In 2008, a wide-ranging suite of Federal reforms (Same-Sex Relationships (Equal Treatment in Commonwealth Laws-General Law Reform) Bill 2008) was passed to provide equal entitlements and responsibilities for same-sex couples in areas such as social security, employment, taxation and super. In the wake of these reforms, same-sex couples are treated in exactly the same way as a married or de facto heterosexual couple under the super rules.
On 8 December 2017, the Marriage Act 1961 was amended to redefine marriage as ‘a union of two people’. The reforms also introduced non-gendered language so the requirements of the Act apply equally to all marriages and enable same-sex marriages solemnised under the law of a foreign country to be recognised.
Following the amendments to the Marriage Act, the ATO extended the definition of a spouse in taxation law to recognise de facto relationships and registered relationships. The ATO now defines a ‘spouse’ as another person (whether of the same sex or opposite sex) who:
- is in a relationship with you and that relationship is registered under a prescribed state or territory law
- although not legally married to you, lives with you on a genuine domestic basis in a relationship as a couple.
Couples and super: Warning, special rules apply
When you are part of a couple – whether it’s same-sex or heterosexual – there are some special rules that apply under the super legislation, particularly when it comes to making contributions, eligibility to your partner’s super benefits, SMSFs and divorce or separation.
1. Making super contributions
Important note: Both contribution splitting and spouse contributions are only available to couples (same-sex and heterosexual), but not single people or anyone who does not meet the ATO’s definition of a spouse (see above).
- Contributions splitting – Under the super rules, you can split your concessional (before-tax) super contributions with your spouse as a way to boost their super account balance. This involves applying to your super fund to transfer or rollover a portion of some of the contributions you recently made into your super account to your spouse’s super account. It’s important to remember that under the contributions splitting rules, if you split your concessional contributions with your spouse, the entire amount still counts towards your concessional contributions cap.

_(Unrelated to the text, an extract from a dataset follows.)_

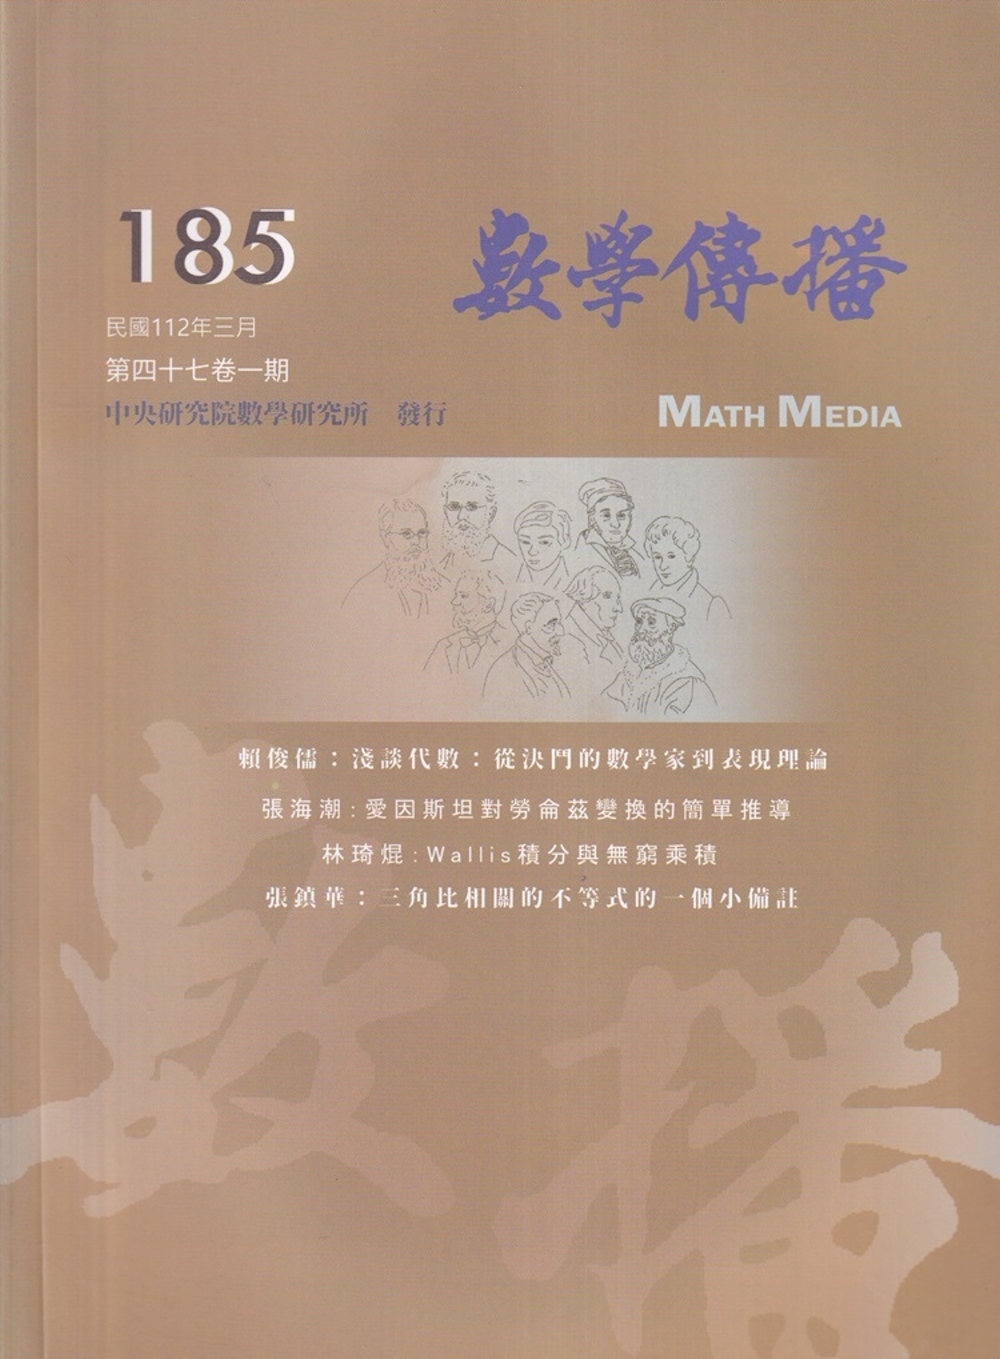 數學傳播季刊185期第47卷1期(112/03)

- Spouse contributions – If your spouse is earning less than $37,000 a year, you can top of their super account and claim a tax offset of up to $540 if you both qualify. If your spouse earns more than $37,000, but less than $40,000, you may receive a partial tax offset. There are a number of eligibility criteria for both partners to be able to receive the tax offset.
For more information on contribution splitting and spouse contributions, see SuperGuide article Contribution splitting: How to boost your spouse’s super.
Note: Contribution splitting is completely different to the splitting of super benefits in the event of a relationship breakdown, as it involves boosting your partner’s super account.
Super splitting on the other hand, involves dividing your super benefits with your partner if your relationship is dissolved.
2. Eligibility for death benefits
Same-sex partners now meet the legal definition of a spouse in both tax and super law, so in the event one member of a couple dies, the surviving partner will receive any super benefits as a death benefit and it will be tax-free if taken as a lump sum.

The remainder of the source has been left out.